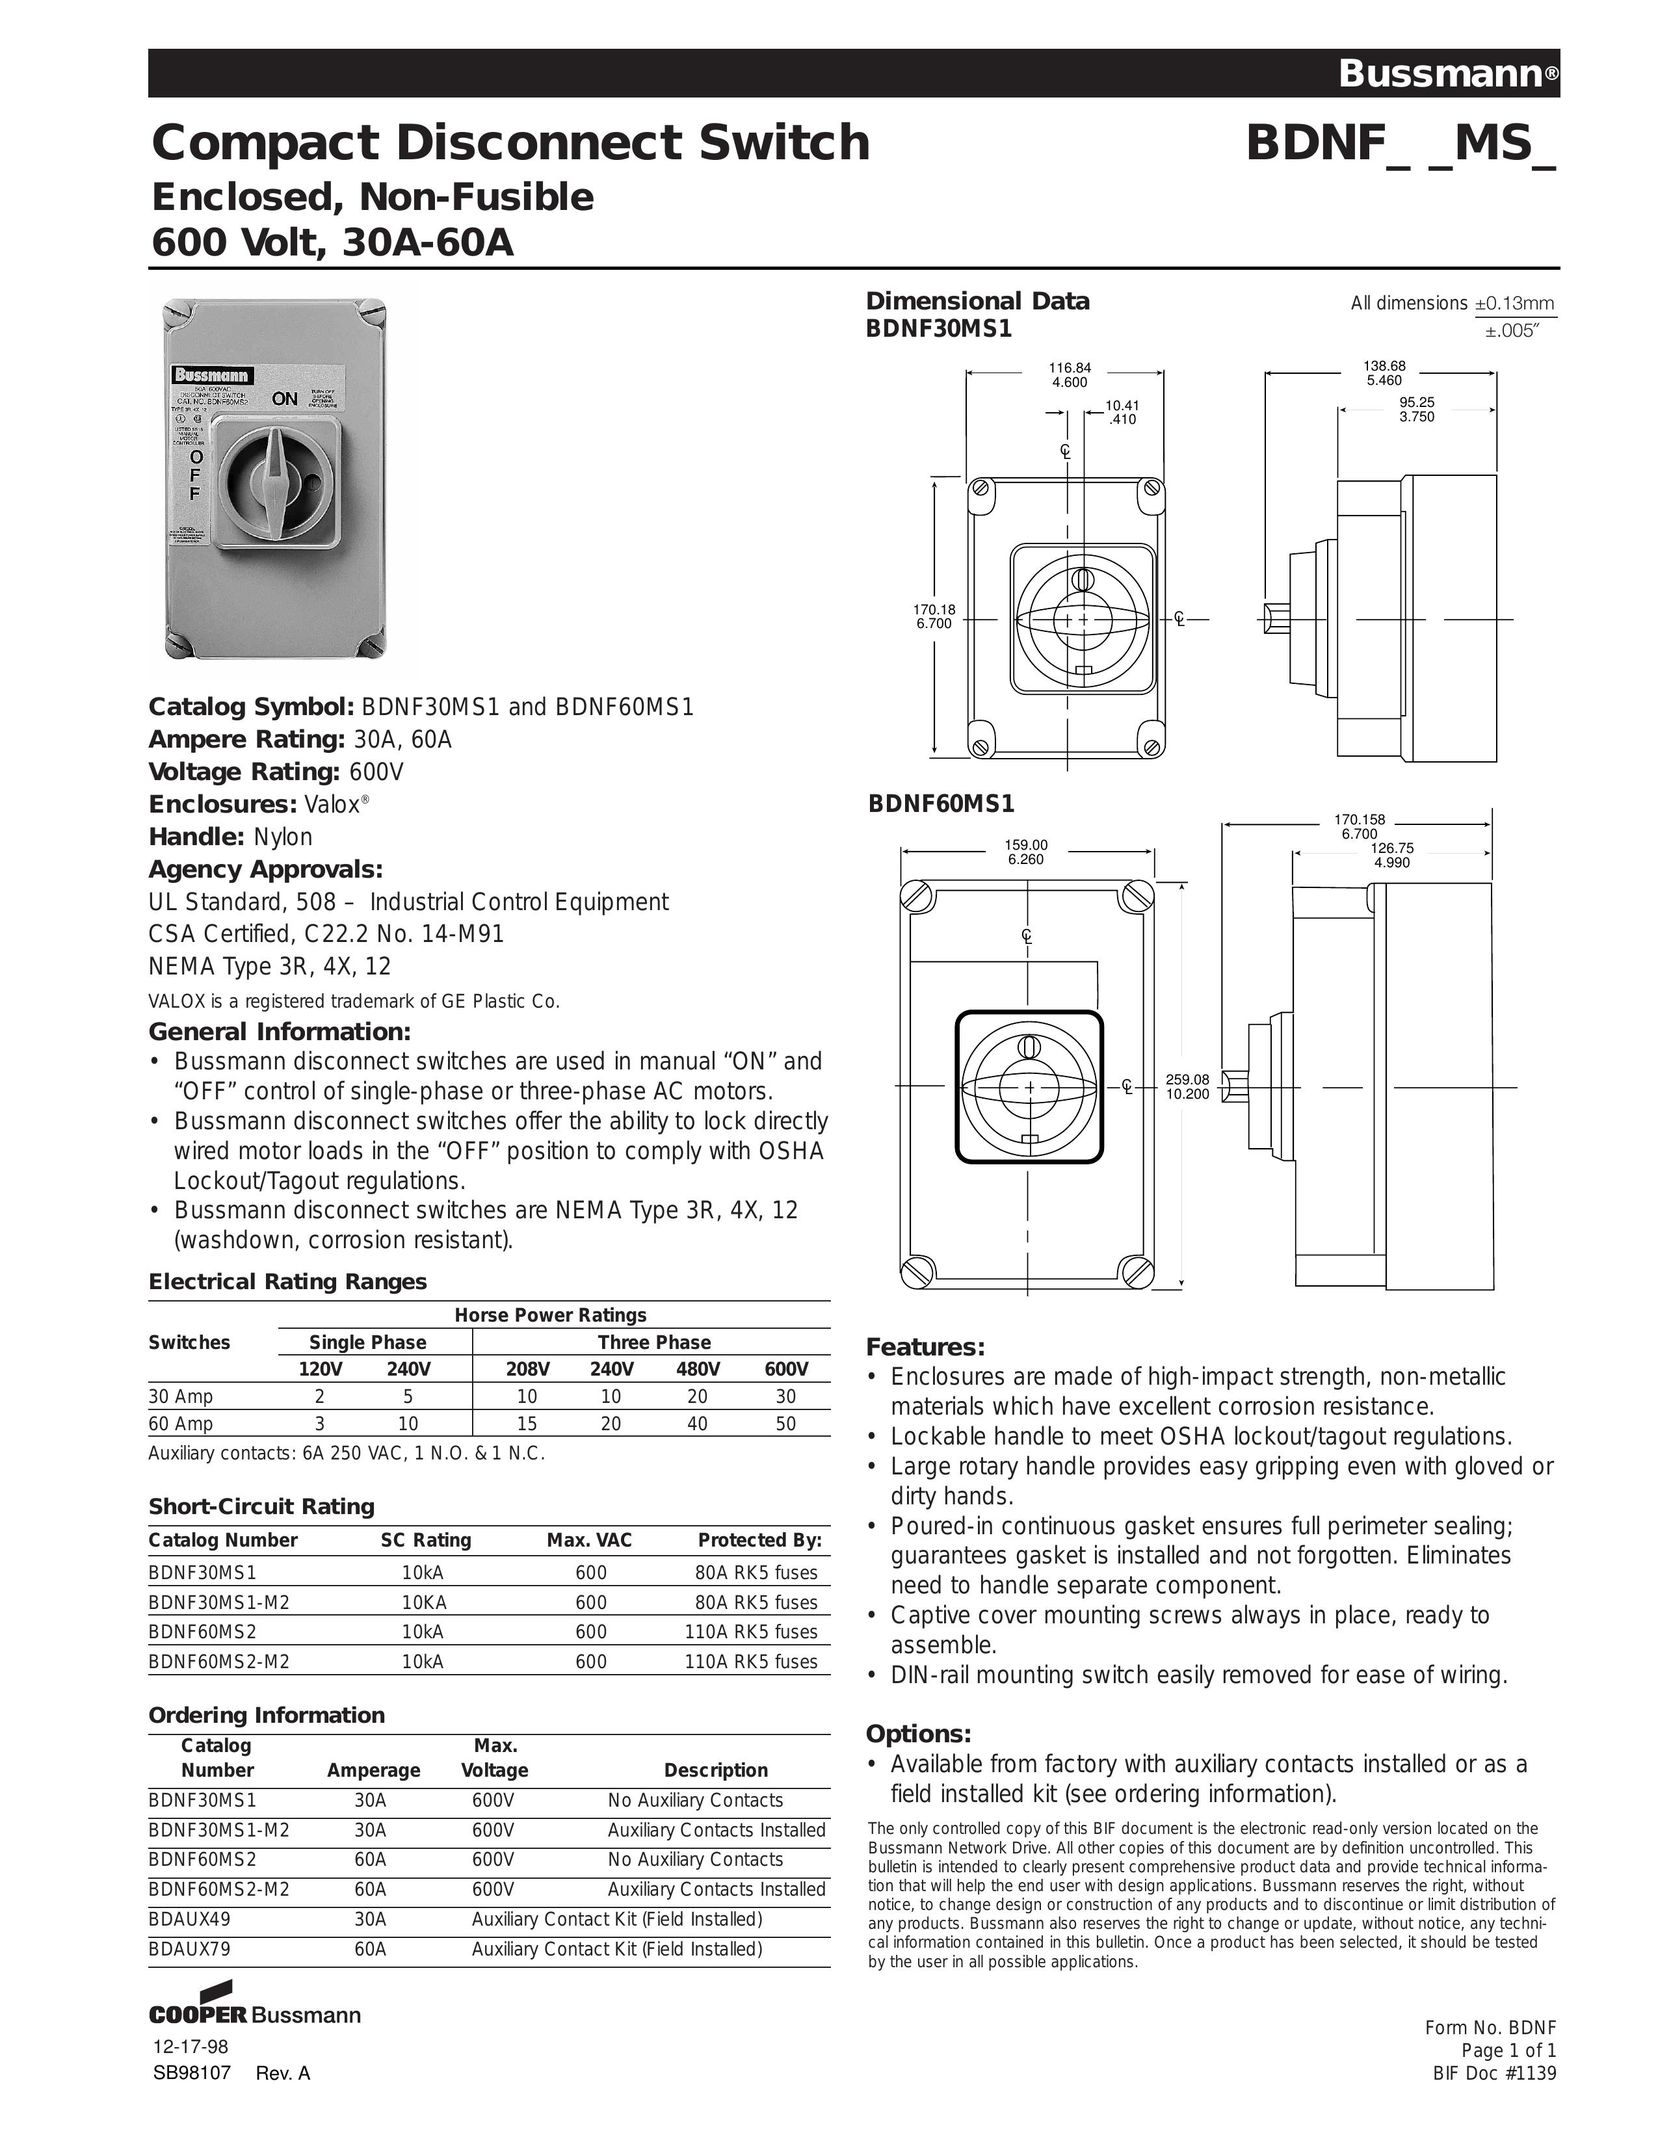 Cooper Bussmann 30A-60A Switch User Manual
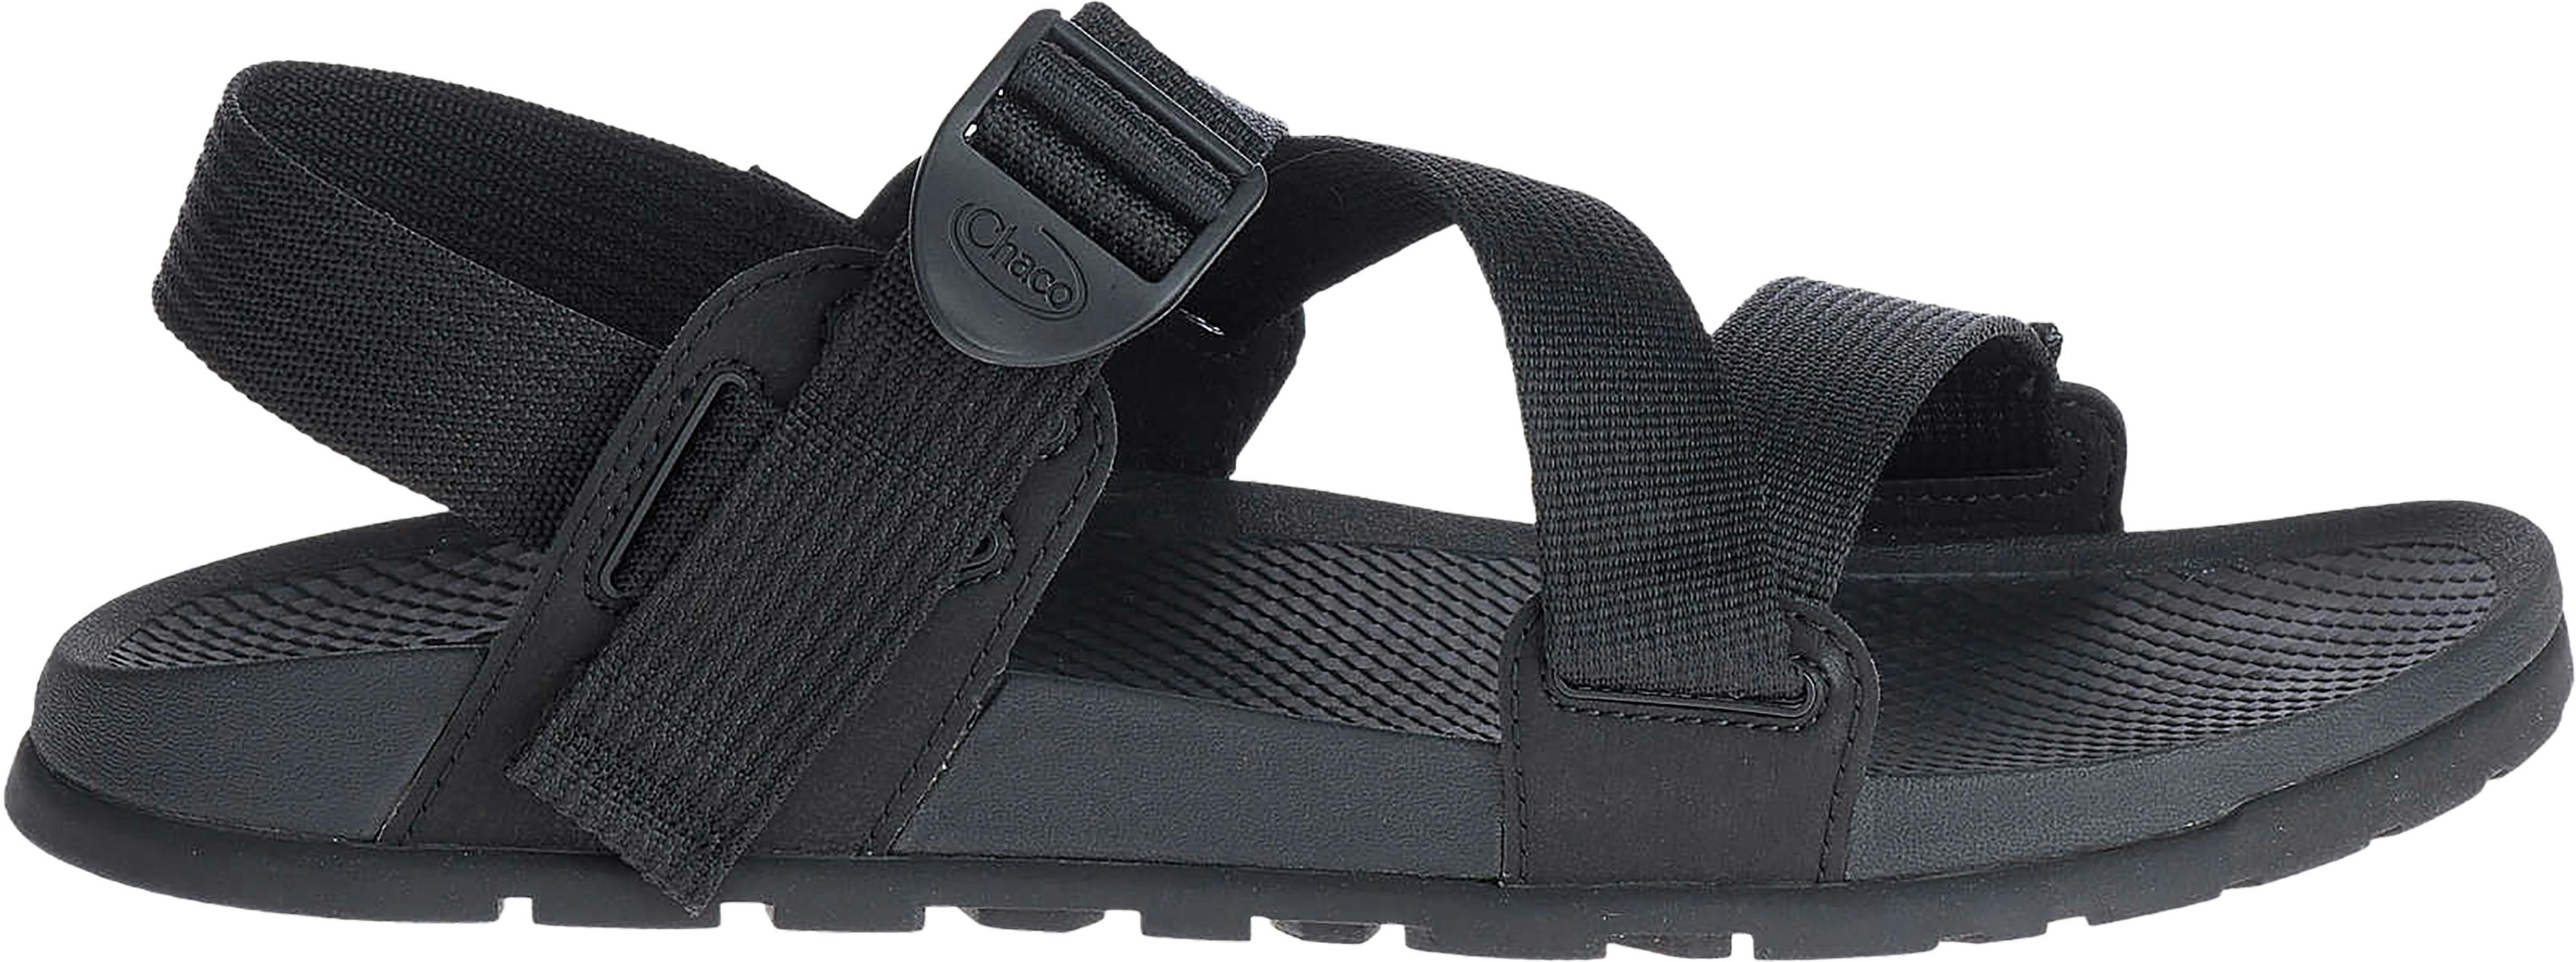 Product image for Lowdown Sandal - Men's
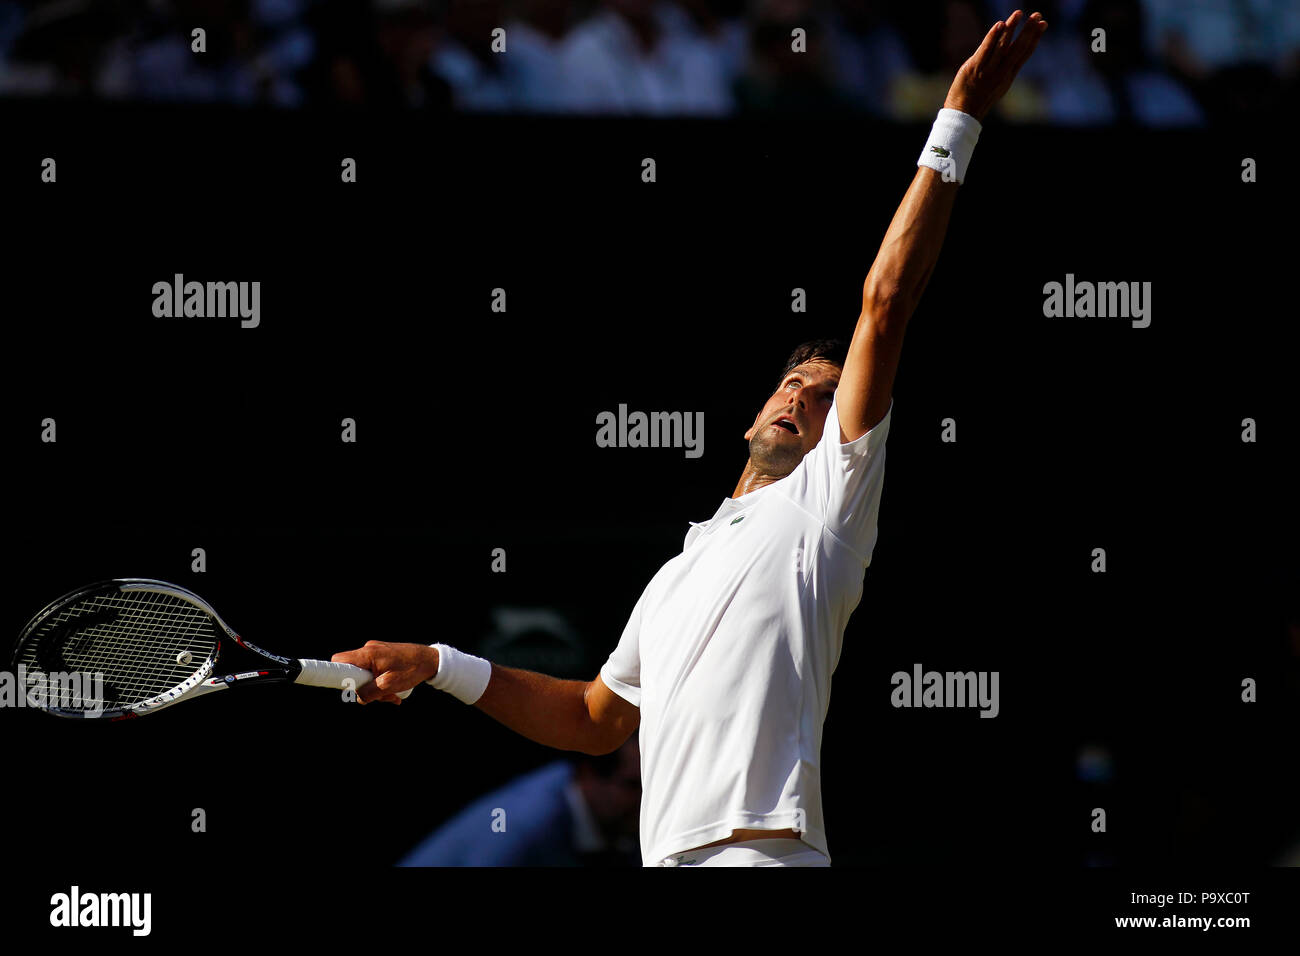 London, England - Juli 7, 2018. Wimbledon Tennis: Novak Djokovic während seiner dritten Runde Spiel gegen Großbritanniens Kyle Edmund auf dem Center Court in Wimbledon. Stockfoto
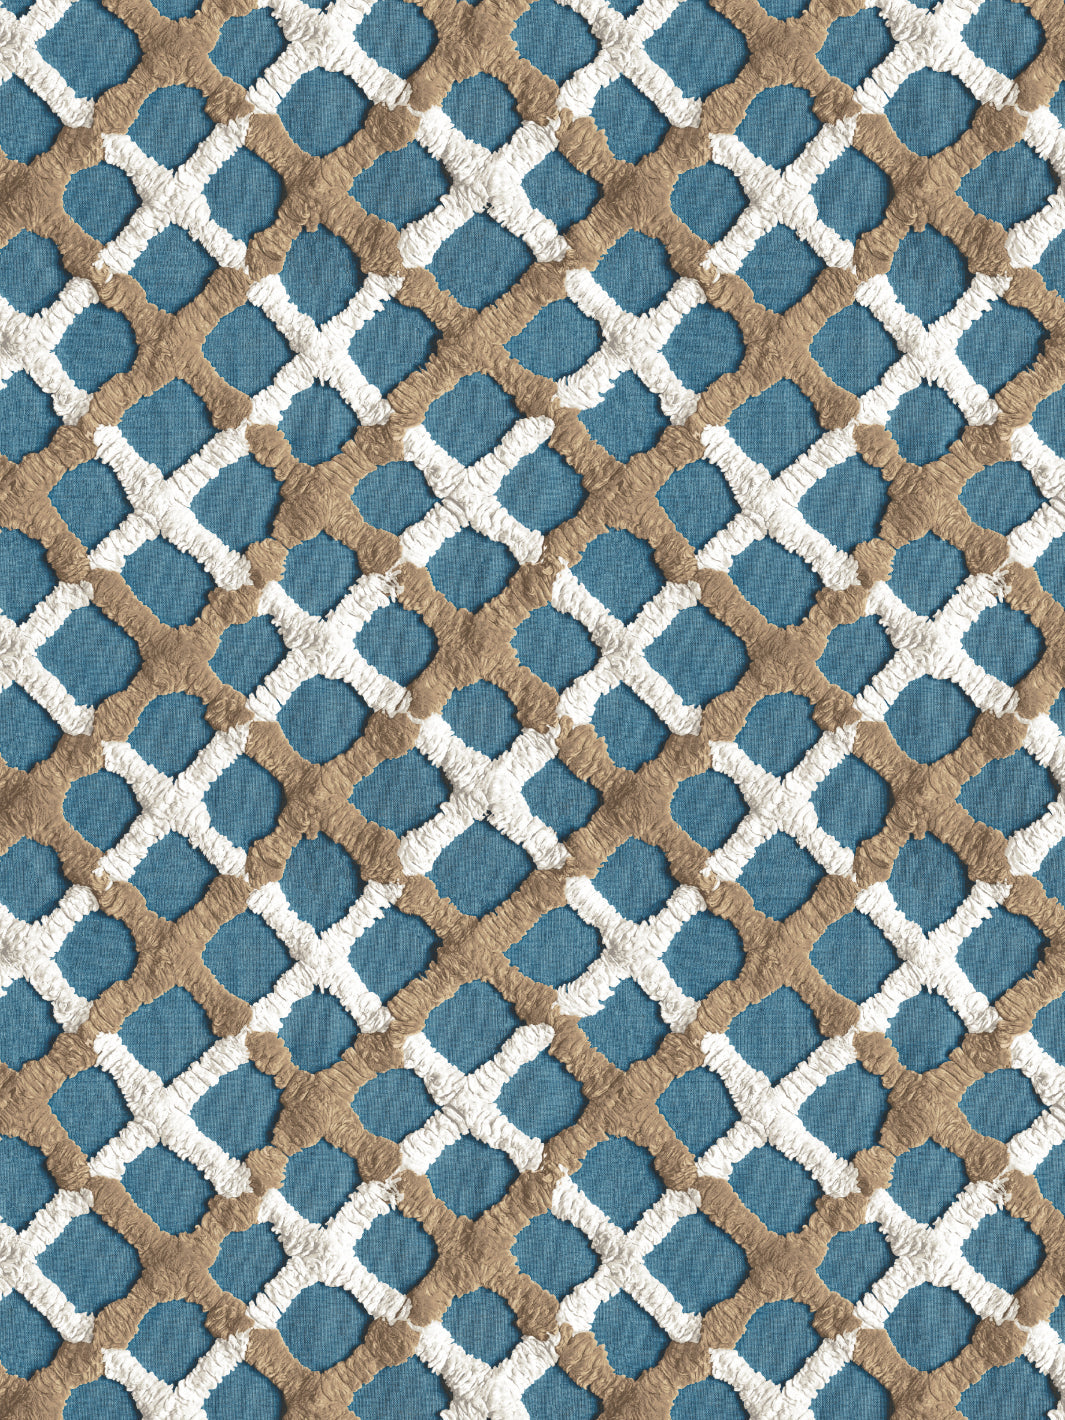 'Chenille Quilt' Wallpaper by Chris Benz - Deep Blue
+--
Output the listing above exactly, but leave its pictures behind.

 Cooper Bussmann 30A-60A Switch User Manual
 Product image for Lowdown Sandal - Men's
 London, England - Juli 7, 2018. Wimbledon Tennis: Novak Djokovic während seiner dritten Runde Spiel gegen Großbritanniens Kyle Edmund auf dem Center Court in Wimbledon. Stockfoto
 'Chenille Quilt' Wallpaper by Chris Benz - Deep Blue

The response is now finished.